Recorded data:
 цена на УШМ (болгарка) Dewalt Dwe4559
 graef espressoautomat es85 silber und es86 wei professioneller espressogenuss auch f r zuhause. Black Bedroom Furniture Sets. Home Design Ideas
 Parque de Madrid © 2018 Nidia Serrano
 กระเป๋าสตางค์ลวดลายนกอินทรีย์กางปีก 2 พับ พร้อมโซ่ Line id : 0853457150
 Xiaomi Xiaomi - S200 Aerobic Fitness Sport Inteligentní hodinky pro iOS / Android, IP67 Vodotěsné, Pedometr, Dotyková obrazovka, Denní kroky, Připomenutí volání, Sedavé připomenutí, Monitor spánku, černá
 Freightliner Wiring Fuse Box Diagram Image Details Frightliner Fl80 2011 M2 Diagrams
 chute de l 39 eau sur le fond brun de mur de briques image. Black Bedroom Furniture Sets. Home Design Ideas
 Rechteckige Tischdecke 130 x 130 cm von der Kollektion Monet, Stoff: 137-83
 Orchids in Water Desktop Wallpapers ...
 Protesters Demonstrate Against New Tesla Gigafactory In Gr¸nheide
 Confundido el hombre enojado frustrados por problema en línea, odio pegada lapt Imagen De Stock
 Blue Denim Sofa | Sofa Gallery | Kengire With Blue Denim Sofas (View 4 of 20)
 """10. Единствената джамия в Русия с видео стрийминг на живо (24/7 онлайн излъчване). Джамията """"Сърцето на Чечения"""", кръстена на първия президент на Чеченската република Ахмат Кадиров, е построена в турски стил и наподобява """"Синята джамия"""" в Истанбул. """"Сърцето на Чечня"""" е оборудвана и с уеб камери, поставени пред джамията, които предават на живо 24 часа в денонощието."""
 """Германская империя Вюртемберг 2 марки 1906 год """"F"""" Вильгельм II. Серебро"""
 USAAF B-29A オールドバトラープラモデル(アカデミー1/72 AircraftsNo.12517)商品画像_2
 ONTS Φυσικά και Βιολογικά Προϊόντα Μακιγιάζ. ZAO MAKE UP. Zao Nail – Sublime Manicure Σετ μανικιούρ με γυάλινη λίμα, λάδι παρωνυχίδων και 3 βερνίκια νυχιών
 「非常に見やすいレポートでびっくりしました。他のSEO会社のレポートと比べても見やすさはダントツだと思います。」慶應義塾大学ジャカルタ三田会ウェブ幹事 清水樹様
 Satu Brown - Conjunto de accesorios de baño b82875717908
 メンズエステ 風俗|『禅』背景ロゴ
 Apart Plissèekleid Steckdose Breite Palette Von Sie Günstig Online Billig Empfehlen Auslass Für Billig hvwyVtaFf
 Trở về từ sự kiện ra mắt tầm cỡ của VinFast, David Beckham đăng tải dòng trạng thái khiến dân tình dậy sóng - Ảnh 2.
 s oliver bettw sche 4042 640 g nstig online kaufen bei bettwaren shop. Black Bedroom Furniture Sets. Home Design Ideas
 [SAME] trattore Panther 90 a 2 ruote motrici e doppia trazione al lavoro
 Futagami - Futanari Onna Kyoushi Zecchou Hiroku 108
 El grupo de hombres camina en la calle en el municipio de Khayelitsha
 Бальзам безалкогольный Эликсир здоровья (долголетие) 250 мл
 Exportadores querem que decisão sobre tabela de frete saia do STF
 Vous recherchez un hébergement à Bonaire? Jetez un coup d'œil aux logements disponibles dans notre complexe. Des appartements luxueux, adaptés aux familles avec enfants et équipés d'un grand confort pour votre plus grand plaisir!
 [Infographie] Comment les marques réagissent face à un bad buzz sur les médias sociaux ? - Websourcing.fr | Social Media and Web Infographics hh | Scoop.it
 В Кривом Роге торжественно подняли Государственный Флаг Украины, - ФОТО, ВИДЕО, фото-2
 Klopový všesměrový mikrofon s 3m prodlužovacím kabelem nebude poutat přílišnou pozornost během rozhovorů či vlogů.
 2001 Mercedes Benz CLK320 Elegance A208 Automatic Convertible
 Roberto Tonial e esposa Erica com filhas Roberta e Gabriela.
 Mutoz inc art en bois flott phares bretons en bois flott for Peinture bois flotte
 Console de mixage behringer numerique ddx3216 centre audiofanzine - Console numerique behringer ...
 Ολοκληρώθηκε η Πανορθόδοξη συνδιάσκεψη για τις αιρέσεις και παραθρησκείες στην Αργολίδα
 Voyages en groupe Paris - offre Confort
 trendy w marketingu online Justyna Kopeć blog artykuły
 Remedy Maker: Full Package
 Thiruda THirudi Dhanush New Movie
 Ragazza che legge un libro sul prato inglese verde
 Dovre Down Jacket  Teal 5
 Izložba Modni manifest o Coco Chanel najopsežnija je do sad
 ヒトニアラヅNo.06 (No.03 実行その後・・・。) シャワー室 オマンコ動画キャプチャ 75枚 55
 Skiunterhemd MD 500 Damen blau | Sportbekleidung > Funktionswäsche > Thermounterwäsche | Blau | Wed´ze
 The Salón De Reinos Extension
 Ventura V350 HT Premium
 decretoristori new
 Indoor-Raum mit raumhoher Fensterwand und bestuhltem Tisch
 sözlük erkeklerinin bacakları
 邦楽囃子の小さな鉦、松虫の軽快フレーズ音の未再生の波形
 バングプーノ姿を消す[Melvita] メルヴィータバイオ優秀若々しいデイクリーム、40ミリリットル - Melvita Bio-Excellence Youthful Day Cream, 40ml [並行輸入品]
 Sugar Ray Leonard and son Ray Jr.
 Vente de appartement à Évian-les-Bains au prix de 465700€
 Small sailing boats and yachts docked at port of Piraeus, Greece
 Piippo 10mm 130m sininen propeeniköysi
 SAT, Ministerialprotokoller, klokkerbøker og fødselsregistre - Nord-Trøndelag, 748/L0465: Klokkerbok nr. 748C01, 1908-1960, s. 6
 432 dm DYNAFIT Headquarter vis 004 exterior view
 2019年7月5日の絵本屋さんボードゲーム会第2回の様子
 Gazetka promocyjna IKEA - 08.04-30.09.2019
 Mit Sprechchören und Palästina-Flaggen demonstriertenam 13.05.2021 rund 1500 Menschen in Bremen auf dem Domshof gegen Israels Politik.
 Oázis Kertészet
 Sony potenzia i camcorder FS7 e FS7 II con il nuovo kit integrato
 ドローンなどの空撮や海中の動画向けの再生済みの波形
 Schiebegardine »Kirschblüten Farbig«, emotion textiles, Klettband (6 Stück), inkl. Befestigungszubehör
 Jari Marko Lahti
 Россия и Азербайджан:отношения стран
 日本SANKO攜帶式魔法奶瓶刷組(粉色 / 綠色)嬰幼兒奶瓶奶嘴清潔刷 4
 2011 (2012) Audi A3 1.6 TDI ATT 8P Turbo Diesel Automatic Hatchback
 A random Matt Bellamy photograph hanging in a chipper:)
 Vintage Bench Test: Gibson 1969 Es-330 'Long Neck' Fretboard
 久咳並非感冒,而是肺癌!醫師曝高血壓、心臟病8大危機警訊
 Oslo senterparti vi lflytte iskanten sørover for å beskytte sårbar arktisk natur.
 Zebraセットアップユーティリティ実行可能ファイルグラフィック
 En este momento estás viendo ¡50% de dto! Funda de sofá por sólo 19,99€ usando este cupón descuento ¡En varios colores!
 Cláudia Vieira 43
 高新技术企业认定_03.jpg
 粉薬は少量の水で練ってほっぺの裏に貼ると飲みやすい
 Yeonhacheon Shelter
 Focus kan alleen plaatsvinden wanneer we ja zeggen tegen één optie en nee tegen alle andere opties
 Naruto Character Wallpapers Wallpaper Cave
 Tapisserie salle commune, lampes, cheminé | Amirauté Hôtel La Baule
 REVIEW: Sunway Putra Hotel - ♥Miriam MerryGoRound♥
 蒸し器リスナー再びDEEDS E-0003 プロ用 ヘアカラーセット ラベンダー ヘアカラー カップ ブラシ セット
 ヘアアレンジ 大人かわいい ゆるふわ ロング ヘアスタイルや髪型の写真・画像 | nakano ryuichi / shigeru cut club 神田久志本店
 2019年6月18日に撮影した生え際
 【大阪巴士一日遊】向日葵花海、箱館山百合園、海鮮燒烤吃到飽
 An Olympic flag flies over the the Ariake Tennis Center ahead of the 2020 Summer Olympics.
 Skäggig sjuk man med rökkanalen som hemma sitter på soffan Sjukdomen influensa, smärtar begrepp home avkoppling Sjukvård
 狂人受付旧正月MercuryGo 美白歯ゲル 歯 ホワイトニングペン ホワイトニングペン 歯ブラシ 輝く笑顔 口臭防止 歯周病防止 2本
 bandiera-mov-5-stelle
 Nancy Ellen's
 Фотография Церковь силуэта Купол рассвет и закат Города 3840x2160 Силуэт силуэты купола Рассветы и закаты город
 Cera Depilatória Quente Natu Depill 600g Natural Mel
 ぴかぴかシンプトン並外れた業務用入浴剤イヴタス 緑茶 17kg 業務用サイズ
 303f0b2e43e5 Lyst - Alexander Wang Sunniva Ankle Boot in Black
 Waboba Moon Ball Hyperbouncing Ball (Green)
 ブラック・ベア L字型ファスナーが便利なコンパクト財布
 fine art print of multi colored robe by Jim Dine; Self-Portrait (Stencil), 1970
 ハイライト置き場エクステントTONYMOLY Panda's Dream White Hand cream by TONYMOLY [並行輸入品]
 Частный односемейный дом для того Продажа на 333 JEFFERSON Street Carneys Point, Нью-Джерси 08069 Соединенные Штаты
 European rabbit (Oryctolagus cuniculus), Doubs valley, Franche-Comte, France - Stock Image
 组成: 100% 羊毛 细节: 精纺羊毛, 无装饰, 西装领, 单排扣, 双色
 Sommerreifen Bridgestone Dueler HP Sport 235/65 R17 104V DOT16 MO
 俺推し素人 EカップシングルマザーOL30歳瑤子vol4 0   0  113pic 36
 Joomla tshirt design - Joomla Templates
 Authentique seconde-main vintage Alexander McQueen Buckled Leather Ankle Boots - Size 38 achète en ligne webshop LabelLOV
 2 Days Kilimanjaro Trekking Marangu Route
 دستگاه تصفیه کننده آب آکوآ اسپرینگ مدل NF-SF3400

Problem statement:
An exact copy of the entries from the line containing "狂人受付旧正月MercuryGo 美白歯ゲル 歯" through the last line is the expected answer.

Result:
 狂人受付旧正月MercuryGo 美白歯ゲル 歯 ホワイトニングペン ホワイトニングペン 歯ブラシ 輝く笑顔 口臭防止 歯周病防止 2本
 bandiera-mov-5-stelle
 Nancy Ellen's
 Фотография Церковь силуэта Купол рассвет и закат Города 3840x2160 Силуэт силуэты купола Рассветы и закаты город
 Cera Depilatória Quente Natu Depill 600g Natural Mel
 ぴかぴかシンプトン並外れた業務用入浴剤イヴタス 緑茶 17kg 業務用サイズ
 303f0b2e43e5 Lyst - Alexander Wang Sunniva Ankle Boot in Black
 Waboba Moon Ball Hyperbouncing Ball (Green)
 ブラック・ベア L字型ファスナーが便利なコンパクト財布
 fine art print of multi colored robe by Jim Dine; Self-Portrait (Stencil), 1970
 ハイライト置き場エクステントTONYMOLY Panda's Dream White Hand cream by TONYMOLY [並行輸入品]
 Частный односемейный дом для того Продажа на 333 JEFFERSON Street Carneys Point, Нью-Джерси 08069 Соединенные Штаты
 European rabbit (Oryctolagus cuniculus), Doubs valley, Franche-Comte, France - Stock Image
 组成: 100% 羊毛 细节: 精纺羊毛, 无装饰, 西装领, 单排扣, 双色
 Sommerreifen Bridgestone Dueler HP Sport 235/65 R17 104V DOT16 MO
 俺推し素人 EカップシングルマザーOL30歳瑤子vol4 0   0  113pic 36
 Joomla tshirt design - Joomla Templates
 Authentique seconde-main vintage Alexander McQueen Buckled Leather Ankle Boots - Size 38 achète en ligne webshop LabelLOV
 2 Days Kilimanjaro Trekking Marangu Route
 دستگاه تصفیه کننده آب آکوآ اسپرینگ مدل NF-SF3400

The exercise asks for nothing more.